Gry za pieniądze: handel aktywami gier

click fraud protection

Jedną z najbardziej interesujących i nieoczekiwanych rzeczy, jakie mogą wyniknąć z gier online, są narodziny rzeczywistych gospodarek opartych na wartości trwałych postaci i przedmiotów w świecie gier. Kiedy Ultima Na eBayu zaczęły pojawiać się postacie Online i EverQuest, wielu ludziom trudno było w to uwierzyć że każdy był gotów wymienić prawdziwe pieniądze na przedmioty w grze, które są przecież w dużej mierze wyimaginowany. Niemniej jednak handel tymi dobrami cyfrowymi nadal rośnie i już z rozrywek uprawianych tylko przez garstkę zapalonych graczy stał się raczkującą branżą samą w sobie.

Czas to pieniądz

Wszyscy słyszeliśmy, że czas to pieniądz.
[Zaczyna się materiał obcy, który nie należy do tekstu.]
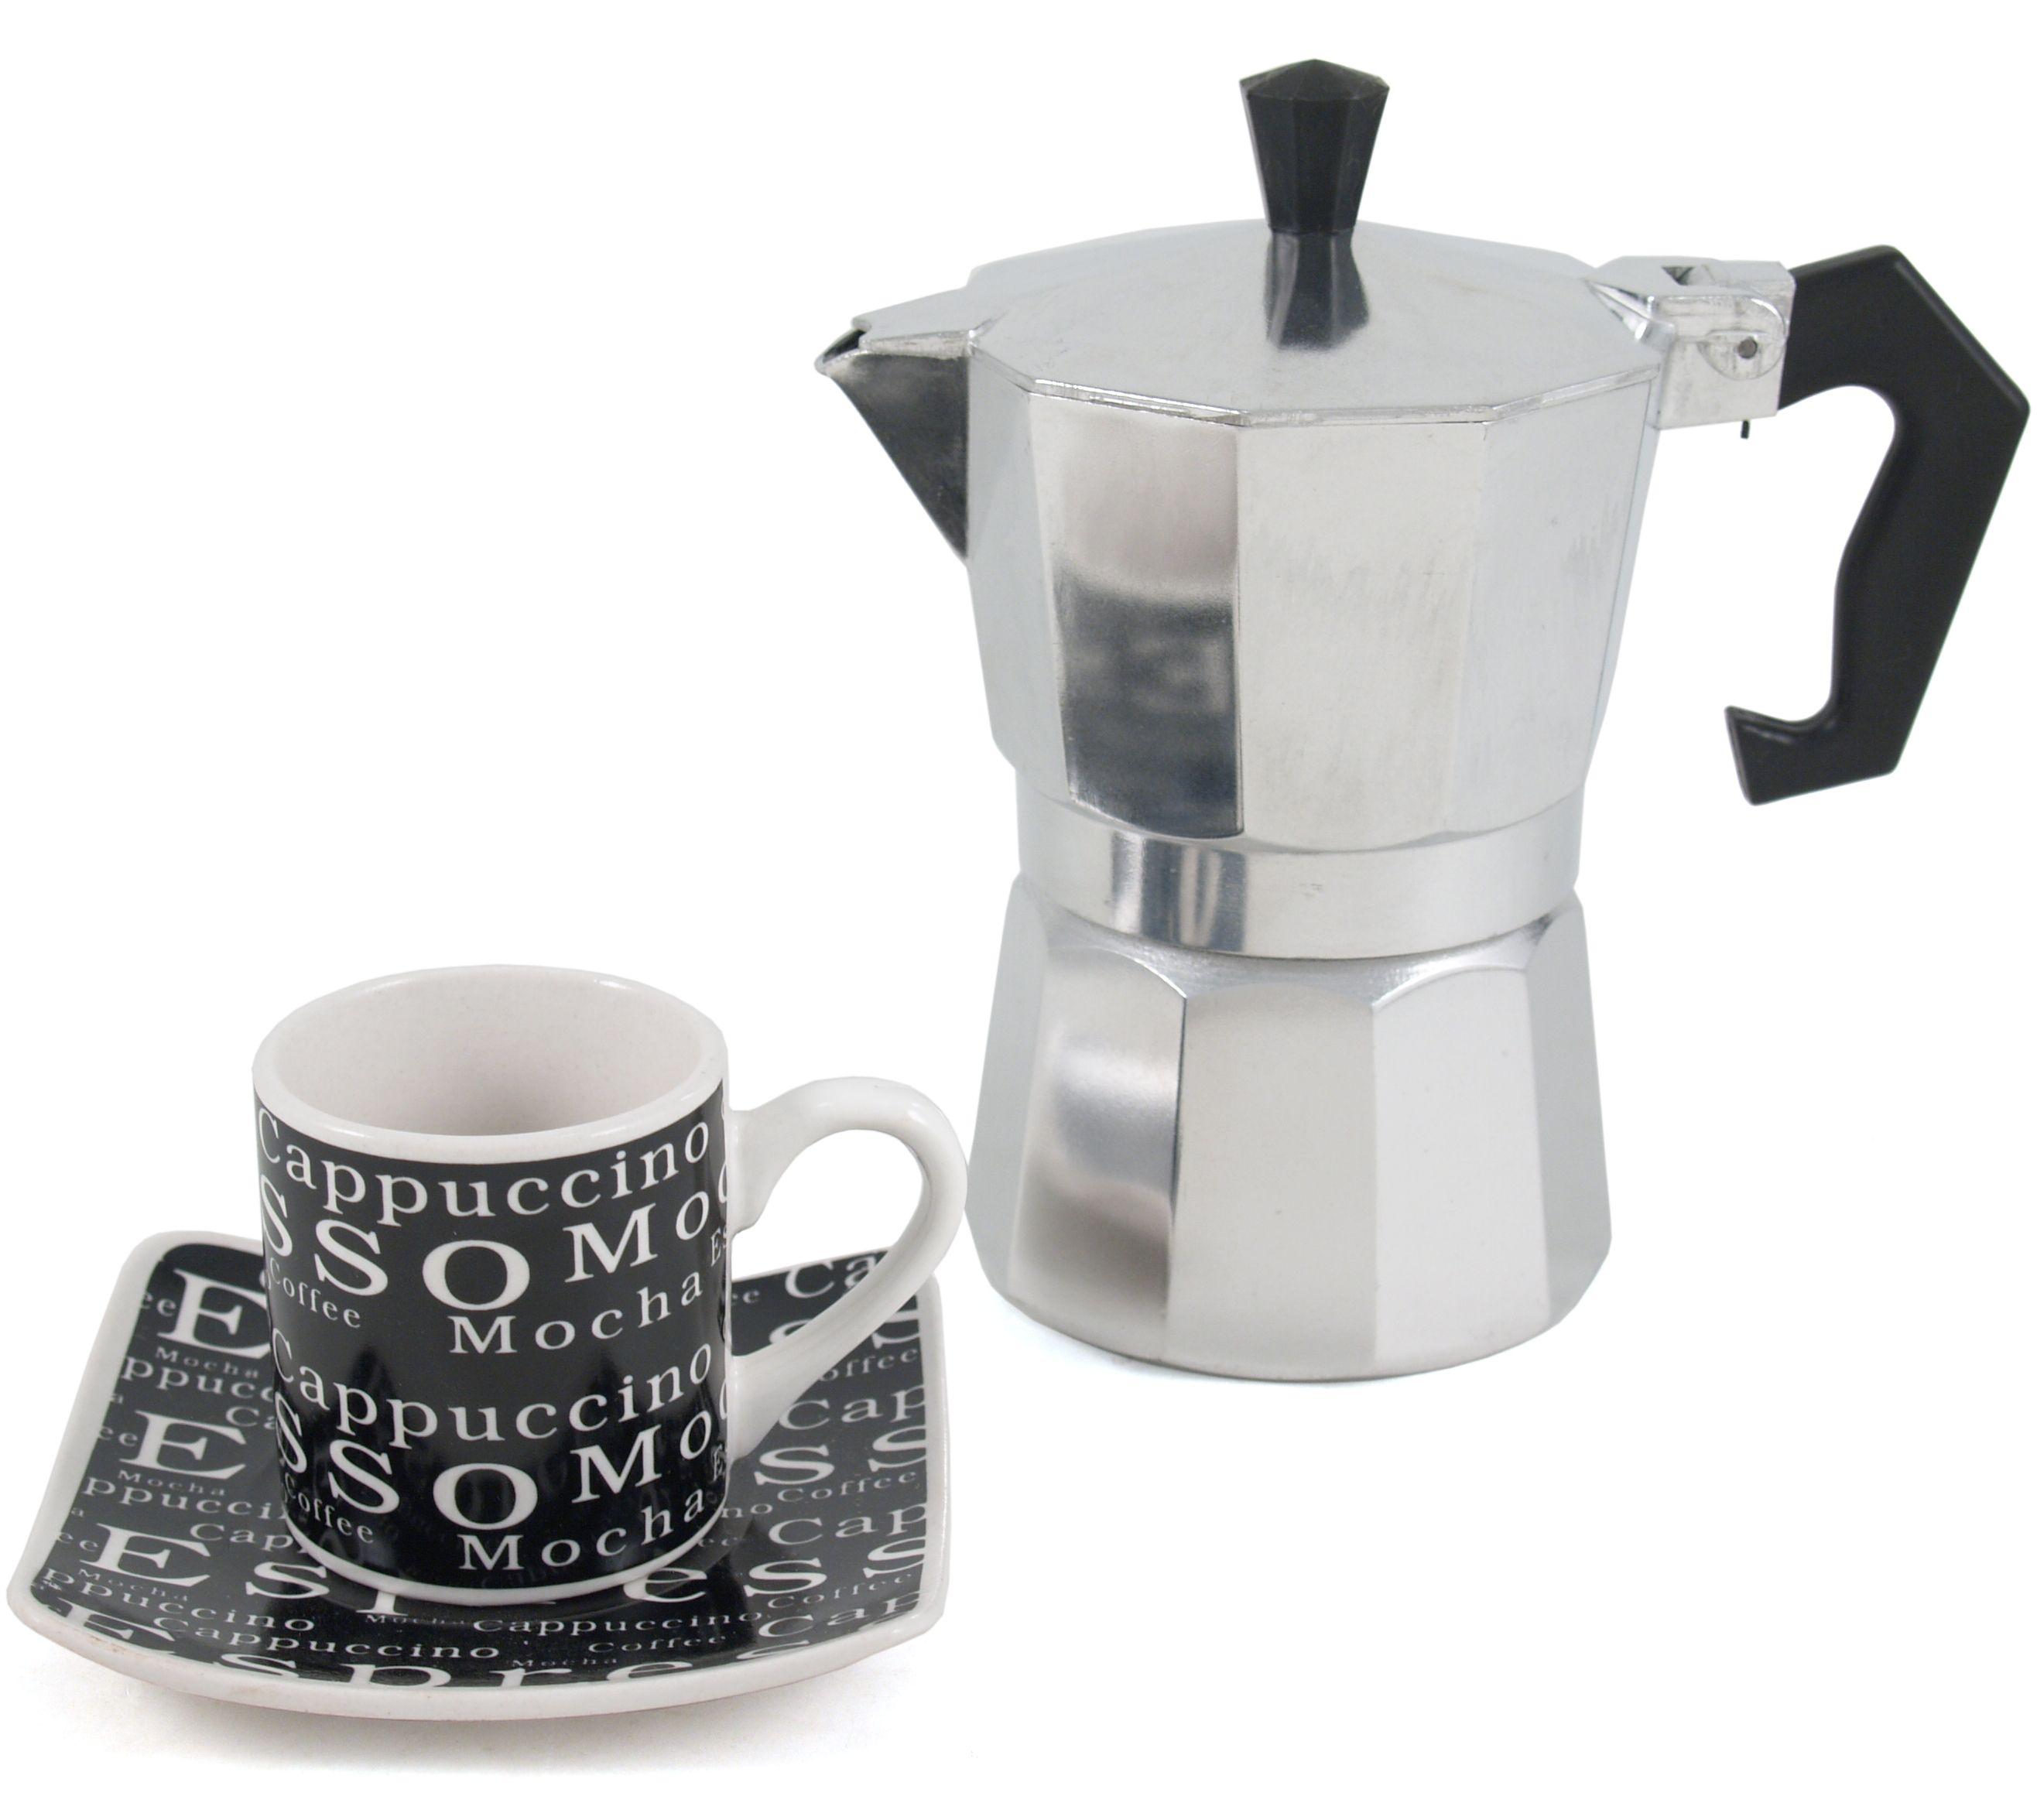 Primula Espresso Maker Set With Demitasse Cups 9 Piece Set Espresso Maker Demitasse Cups Coffee Works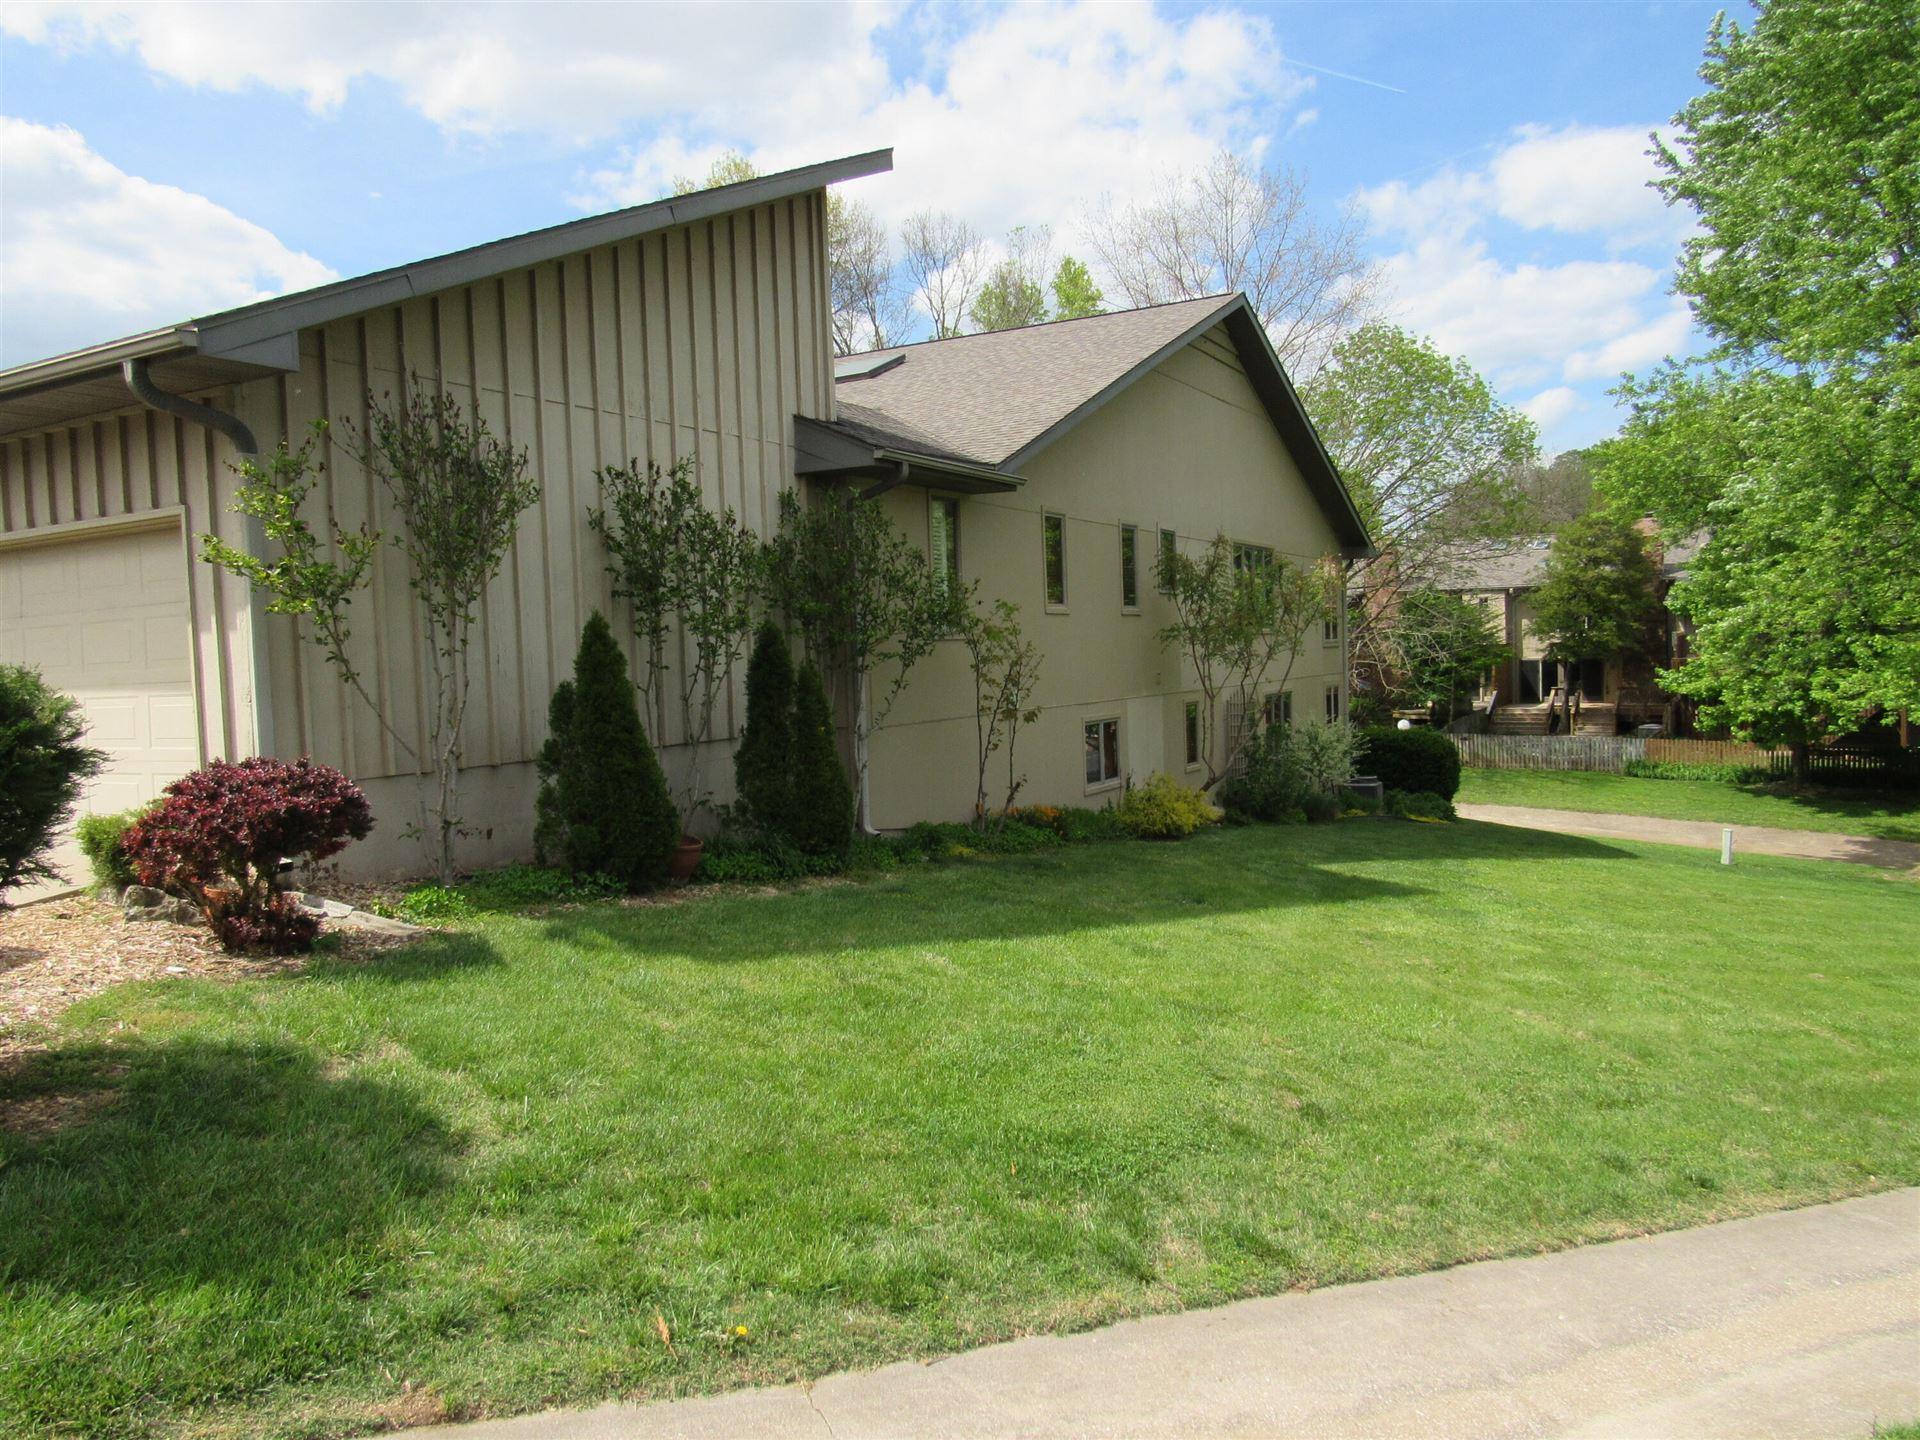 Photo of 3543 East Cinnamon Place, Springfield, MO 65809 (MLS # 60192180)

Nie mniej prawdziwe jest to, jeśli chodzi o trwałe światowe gry online. W normalnych okolicznościach awansowanie postaci na wyższe stopnie może zająć miesiące, a nawet lata grę taką jak EverQuest lub zdobądź jakiś rzadki przedmiot, który spada tylko na, powiedzmy, Planie ukończenia Unicestwienie. Nie powinno dziwić, że wiele osób chce wydać trochę więcej, aby szybciej się tam dostać. W rzeczywistości, ponieważ i tak płacisz co miesiąc za grę w większości przypadków, zakup tego, czego potrzebujesz, aby dostać się od razu do końca gry, może być nawet opłacalny dla niektórych osób.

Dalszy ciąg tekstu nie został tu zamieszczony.